Doctors and hospital administrators increasingly say that full acceptance of air safety principles is likely to be a big part of any solution. But many are rethinking how to make these efforts more viable than ever.
Long before COVID-19 devastated millions of families and thousands of doctors and nurses were pushed to a breaking point, healthcare leaders began to take advantage of the airline industry’s impressive safety record. I was learning and trying to reduce the prevalence of surgical and other medical errors. With the current increased stress on medical staff, supply chains, and safety measures, developing a new vision to re-evaluate the application of aviation practices to address fatal medical errors is an imperative. It seems more important than ever.
Recent evidence shows that hospital-wide safety has declined since the outbreak of the pandemic.
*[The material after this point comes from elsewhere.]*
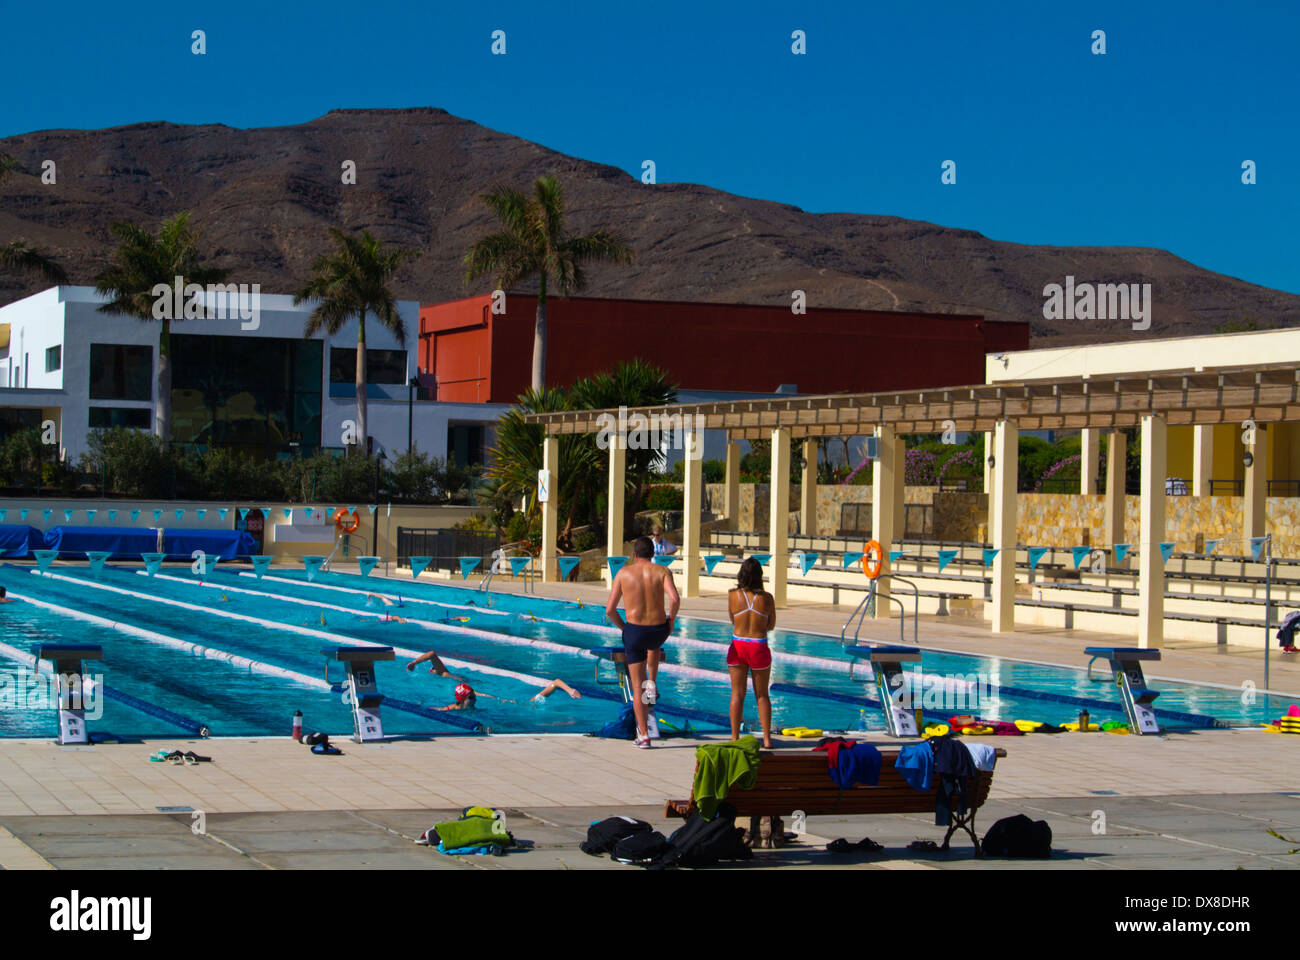 Olympic size swimming pool, Playitas Aparthotel grounds, Las Playitas, Fuerteventura, Canary Islands, Spain, Europe Stock Photo

A Centers for Disease Control and Prevention study of more than 2,900 hospitals found a significant increase in intravenous catheter-related bloodstream infections in his three months of 2020 compared to the same quarter in 2019. It became clear that there is Another study of 148 HCA healthcare hospitals saw a spike in various treatment-related infections from March to September 2020.
Domestic scheduled airlines have carried more than 8 billion passengers in the last 13 years without a passenger dying. This is an amazing feat that exceeds expectations. In contrast, US hospital failures needlessly cost the lives of an estimated 400 patients each day, the equivalent of a full jumbo jet crashing every 24 hours.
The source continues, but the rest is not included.